FIG. 4 shows diagrammatically the device for feeding conduits into the cavity of the casting die with a partial scrap end view of a knurling means;
FIG. 5 is a side elevational view in the direction of the arrow B of FIG. 4; and
FIG. 6 shows diagrammatically the stationary plate of the casting die with a conduit in a die-casting machine.
Referring now to the drawings, and to FIG. 1 in particular, there is shown therein a conduit for communication with a plurality of working-medium sources, e.g. a conduit serving to lead off the fuel excess from fuel nozzles of a diesel engine and having at least two connecting elements 1, which are spaced apart along the length of the conduit 2 and rigidly secured thereto.
Each connecting element 1 has a through passage 3 such as shown in FIG. 2, communicating with the passage of the conduit 2 (see FIGS. 1,2), the axis of the through passage 3 being perpendicular to a plane passing through the axis of the conduit 2. In addition, said through passage 3 is intended for receiving a hollow bolt 4 (FIG. 3) providing for the connection of the conduit 2 with a fuel nozzle 5 of the engine by means of the connecting element 1. The bolt 4 has radial ducts 6 communicating with an axial duct 7 which, in turn, communicates with the duct 8 of the nozzle 5.
Radial ducts 6 are in communication with the through passage 3.
The above conduit 2 (FIG. 1) with the connecting elements 1, according to the invention, is produced with the use of a diecasting machine, known per se, provided with a device for feeding the conduits.
The apparatus of the invention which comprises a device for feeding the conduits into the cavity of the casting die has a housing 9 (FIG. 4). The housing 9 is mounted on a frame 10, fixed to a casting die 12 by means of screws 11, in such a way that it can be pivoted on the bar 13 (FIG. 5) of the die-casting machine. The housing 9 is furnished with a storage 14 (FIG. 4) for conduits 2, which is connected through an inclined slot 15 to the cavity of the casting die 12. The longitudinal axis of the slot 15 is perpendicular to that of the conduit 2. To impart vertical reciprocating motion to the housing 9, there is provided a power cylinder 17 whose piston rod 16 is rigidly linked with said housing. In addition, the housing 9 is provided with a burner 18 serving for heating the conduits 2 and disposed at the lower level of the inclined slot 15, with a splitter 19 spring-loaded with respect to the housing 9, and with a knurling means which is made in the form of a knurling die 20, secured in the housing 9, and a knurling roll 21, these die and roll knurling means defining the middle part of the slot 15. The die 20 and the roll 21 face each other with their surfaces intended to shape knurls on the conduit 2. The knurling means and the burners 18 (heaters) are arranged in succession along the path of motion of the conduits 2. The number of the knurling means and the burners 18 (heaters) corresponds to the specified number of locations on the conduit for its coupling with the connecting elements (FIG. 5). The knurling roll 21 is mounted on an axle 22 (FIG. 4) which is parallel to the axis of the conduits 2. The axle 22 defines the axis of rotation for an overrunning clutch 23 whose cams 24 interact with levers 25 and 26 pivotally mounted on the frame 10 and serving for setting and return of the overrunning clutch 23. One of the levers (26) is spring-loaded by a spring 27 anchored to the frame 10.

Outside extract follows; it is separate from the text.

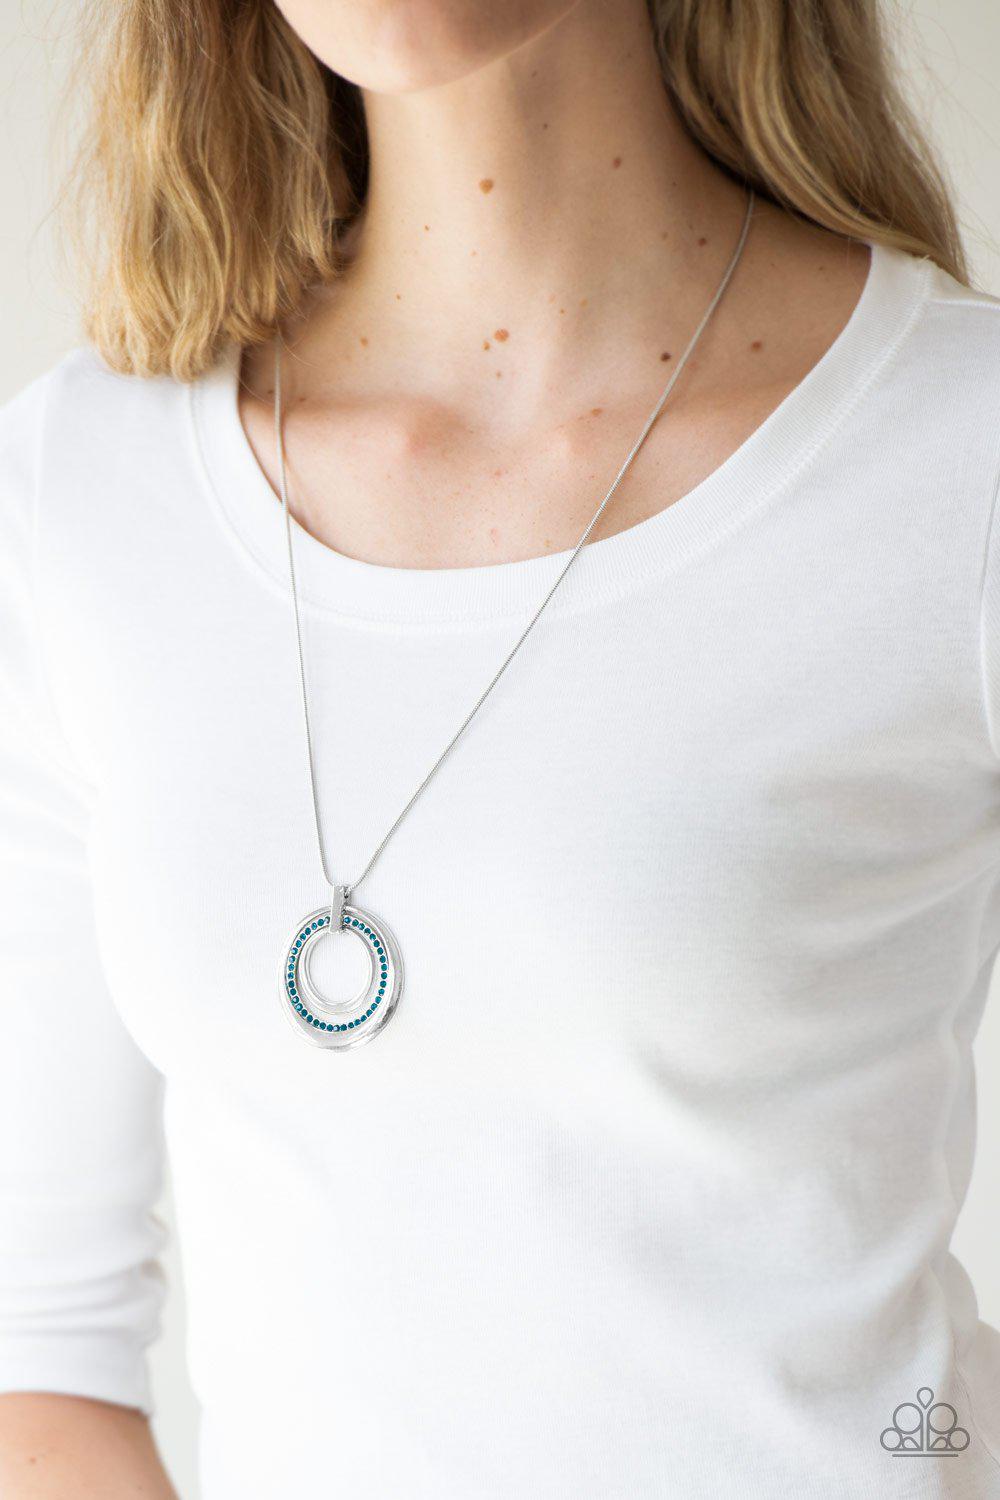 Gather Around Gorgeous Blue and Silver Pendant Necklace - Paparazzi Accessories- lightbox - CarasShop.com - $5 Jewelry by Cara Jewels

The casting die 12 (FIG. 6) has two metallic plates 28, movable and stationary (the movable plate is not shown in the drawing).
The plate 28 is provided with guide pins 29 which are insertable into the corresponding holes in the movable plate of the casting die (not shown). Made in the plate 28 are cavities 30 whose shape corresponds to that of the connecting elements 1 of the conduit 2 (FIG. 1).
Locking means 31 used for aligning the conduit 2 are fixed on the plate 28. Also made in this plate is a gating system 32 which serves to pour molten metal into the cavities 30.
A core 33 in the casting die 12 shapes the through passage 3 (FIG. 2) in the connecting element 1.
The method and apparatus and/or device of the invention is performed and operated on in the following way.
The apparatus and/or device is arranged on a known casting machine, the conduit 2 is fed into the casting die 12 which has cavities 30 of a shape corresponding to the shape of the connecting elements 1 of the conduit being produced. The continuous-surface conduit 2 is aligned in the casting die 12 in such a way that the axis of the core 33 of the casting die 12, which produces the through passage 3 of each connecting element 1, is set off relative to the axis of the conduit 2 at a distance "A" which is sufficient to obtain a strong and tight coupling of the conduit 2 with the connecting elements 1. It is most preferable that the distance "A" by which the axis of the aforementioned elements of the conduit being produced is set off exceeds the radius "R" of the through passage 3 of the connecting element 1.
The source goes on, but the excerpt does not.